16 September 2025

Research pick: Our house is not necessarily a very, very green house - "A critical evaluation of the sustainability of building codes and policy when embodied carbon is considered for the construction of three-bedroom houses in UK"

Research in the International Journal of Sustainable Real Estate and Construction Economics draws attention to a neglected element of the UK’s climate strategy: the carbon locked into the materials used to construct new homes.

These embodied carbon emissions arise not from the daily operation of a house but from the extraction, processing, transport and assembly of the materials themselves. Embodied carbon emissions are released before a building is even occupied, they are effectively front-loaded into the atmosphere.

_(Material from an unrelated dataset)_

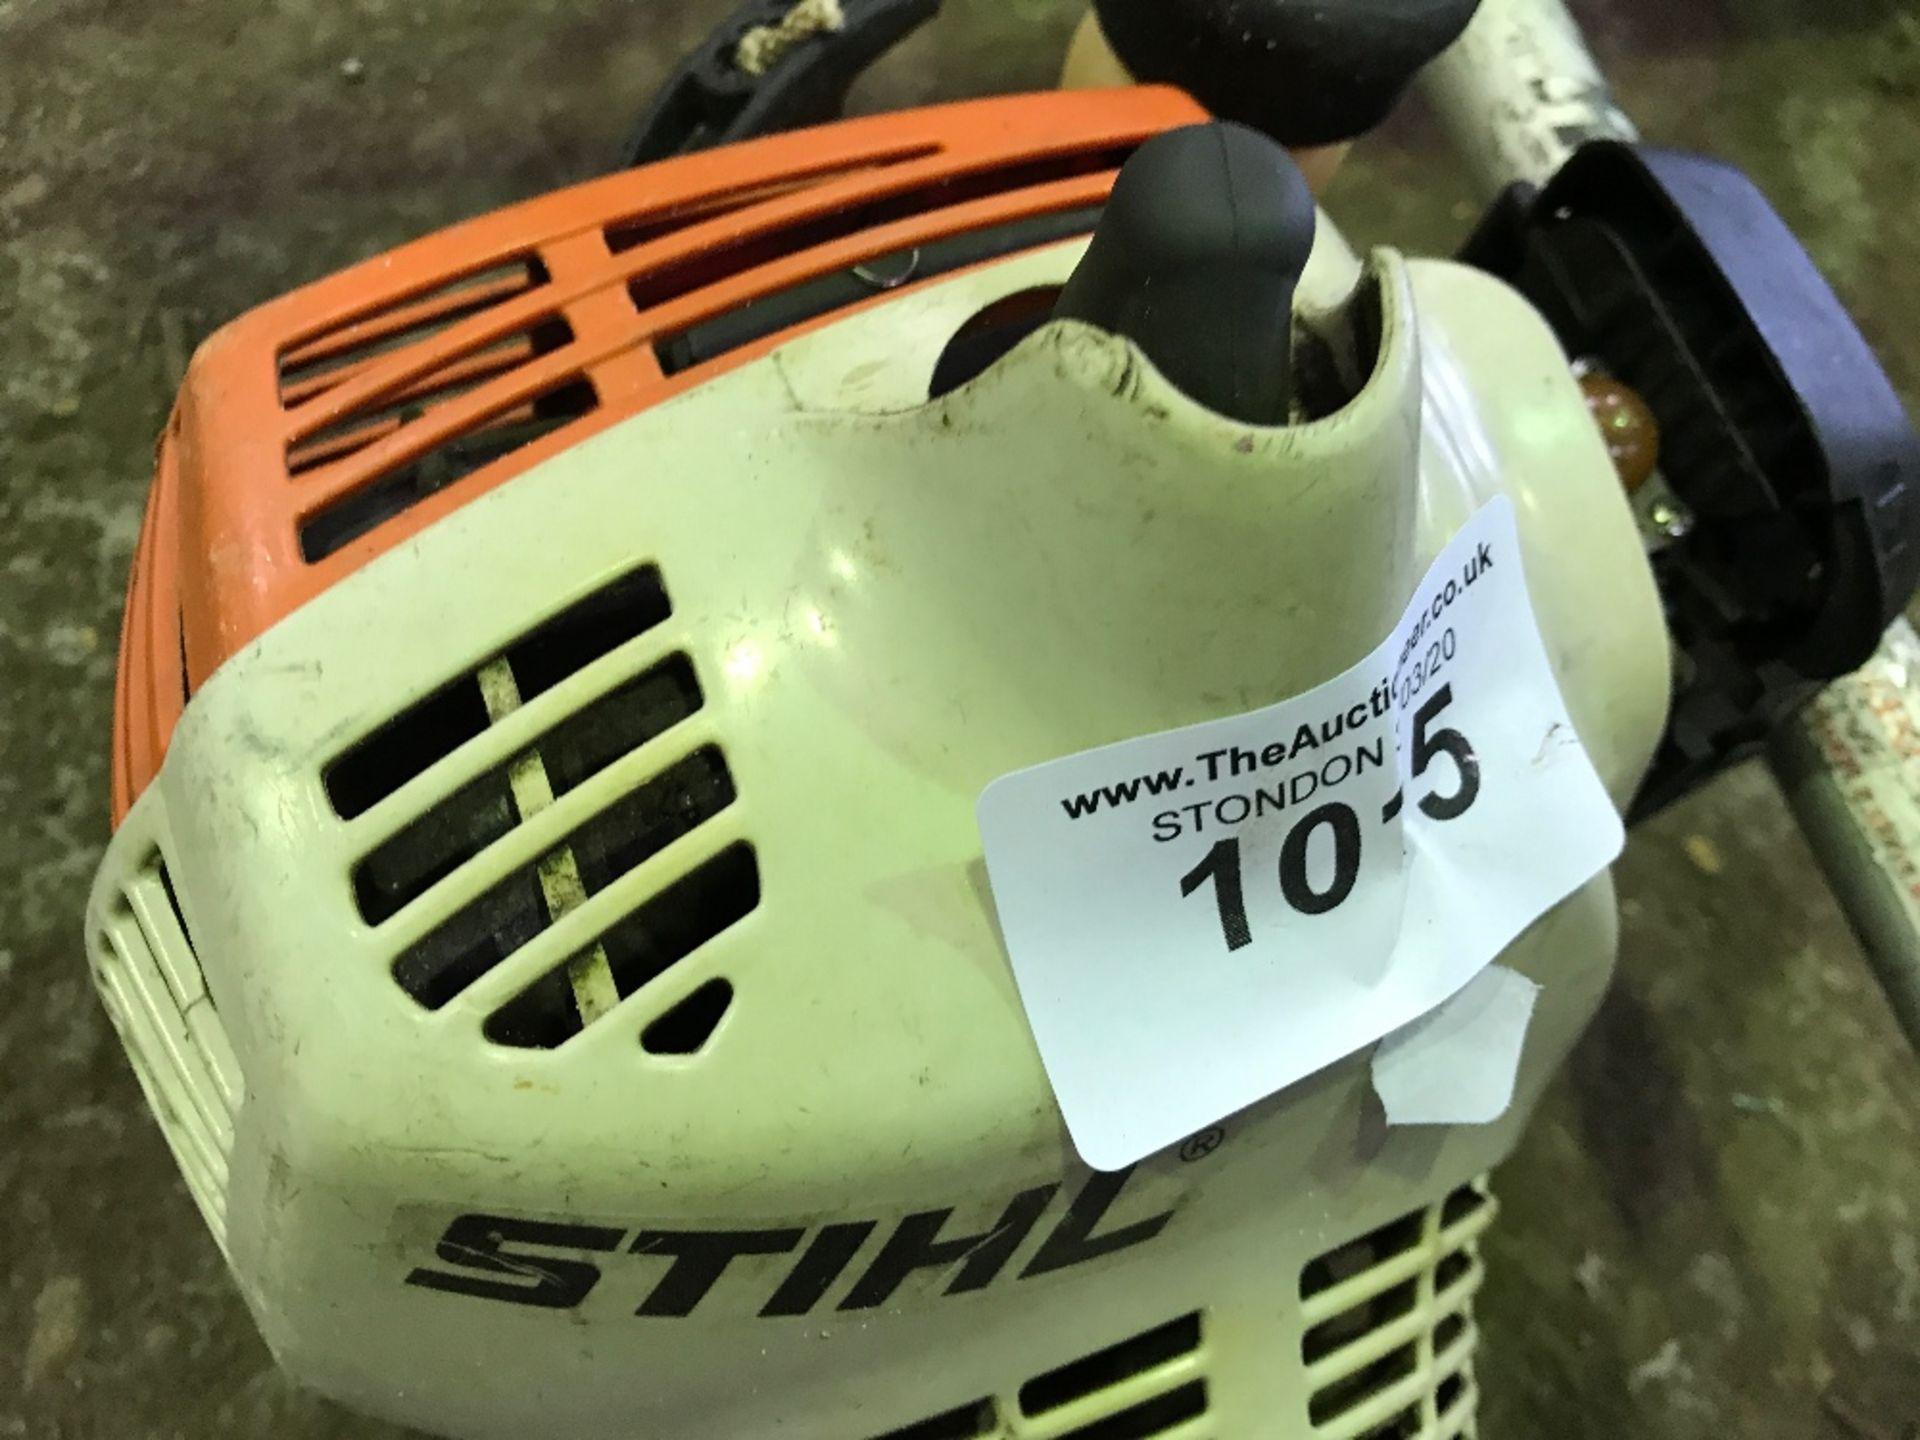 Lot 1015 - Stihl FS45 petrol strimmer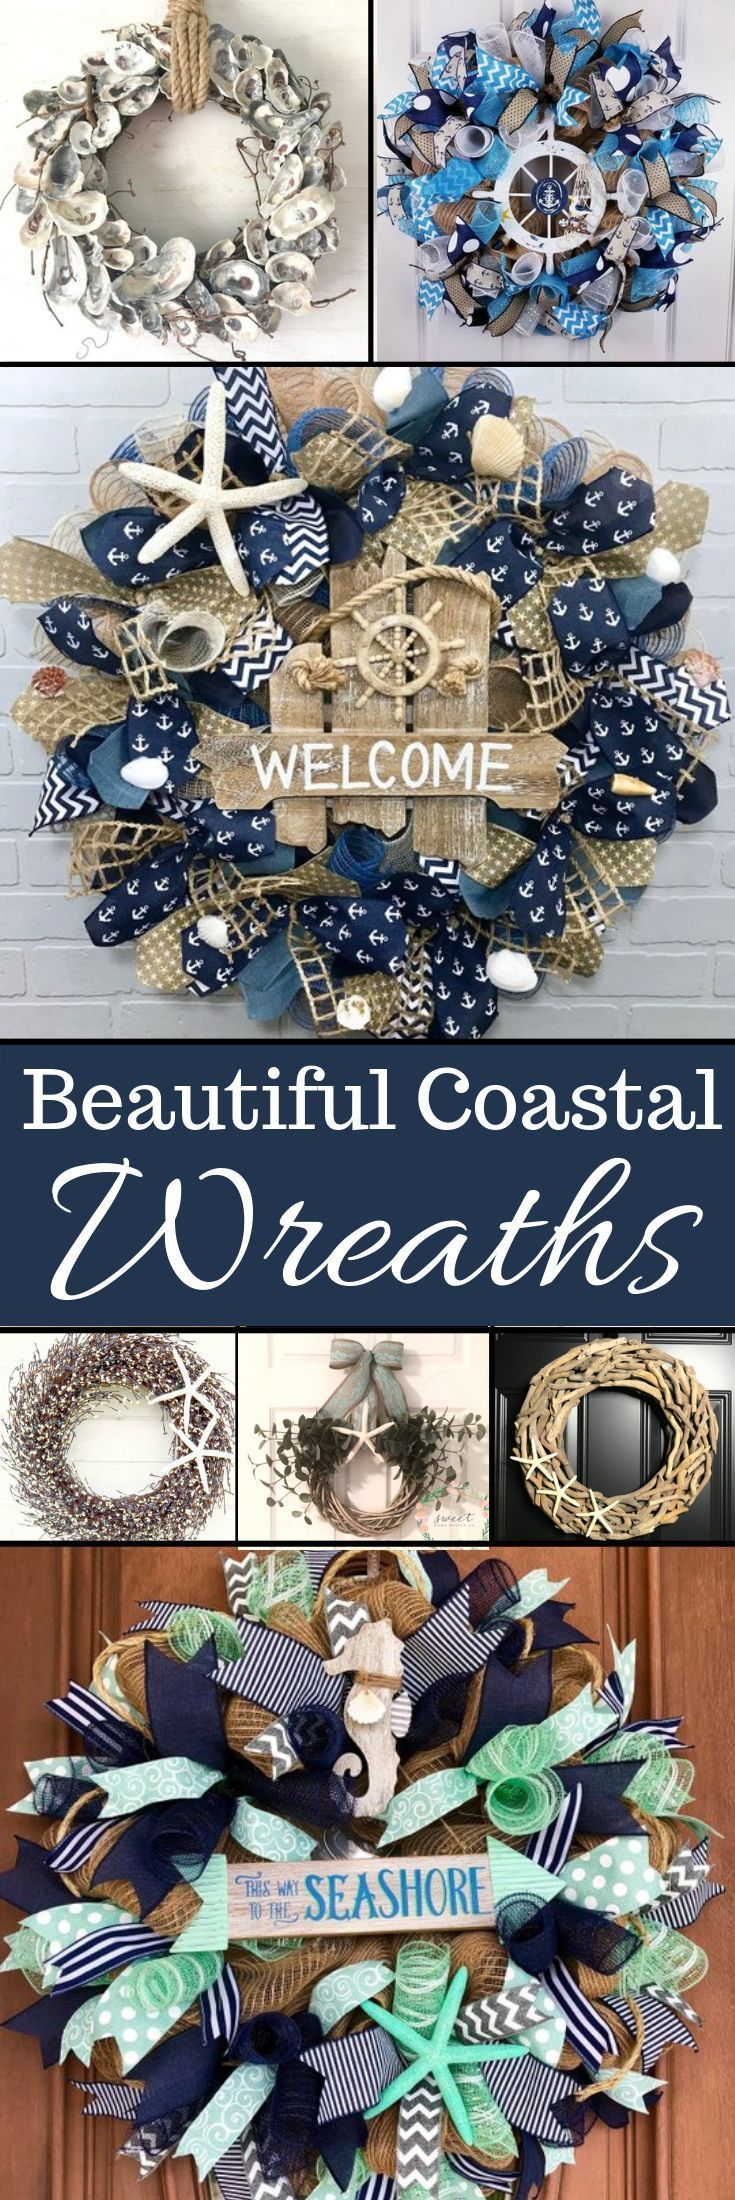 Photo of Coastal Wreaths for my Beach House Front Door – My Cozy Colorado

There is therefore a substantial gap in the regulations that must be filled: while energy use within homes is monitored, the emissions embedded in supply chains remain outside the scope of current standards. While policymakers have so far concentrated on cutting the energy required to heat and power homes, the research suggests that material-related emissions may soon outweigh operational ones as the national grid shifts towards renewables and building standards improve energy efficiency.

The study examined the structural frames of a typical three-bedroom house, the most common size built in the UK, using both manual calculation and a digital life cycle assessment tool. The researchers compared three common construction materials: wood, steel and brick. Their analysis found that wooden frames carried the lowest embodied carbon, bricks-and-mortar frames the highest, and steel fell in between. The high carbon cost of steel was attributed largely to the energy-intensive process of smelting ore, while the emissions associated with bricks accumulated through both production and transport.

These findings carry weight beyond the construction site. The UK faces a shortfall of hundreds of thousands of homes each year. Meeting this demand while also honouring commitments to net-zero carbon emissions by 2050 represents a major challenge. Current regulations focus on energy efficiency in use but do not take into account embodied carbon. The absence of such considerations, the researchers warn, risks locking in decades of additional emissions during a period when international climate agreements call for steep reductions.

King, H., Rawson, R. and Okere, U. (2024) ‘A critical evaluation of the sustainability of building codes and policy when embodied carbon is considered for the construction of three-bedroom houses in UK’, Int. J. Sustainable Real Estate and Construction Economics, Vol. 3, No. 1, pp.63–81.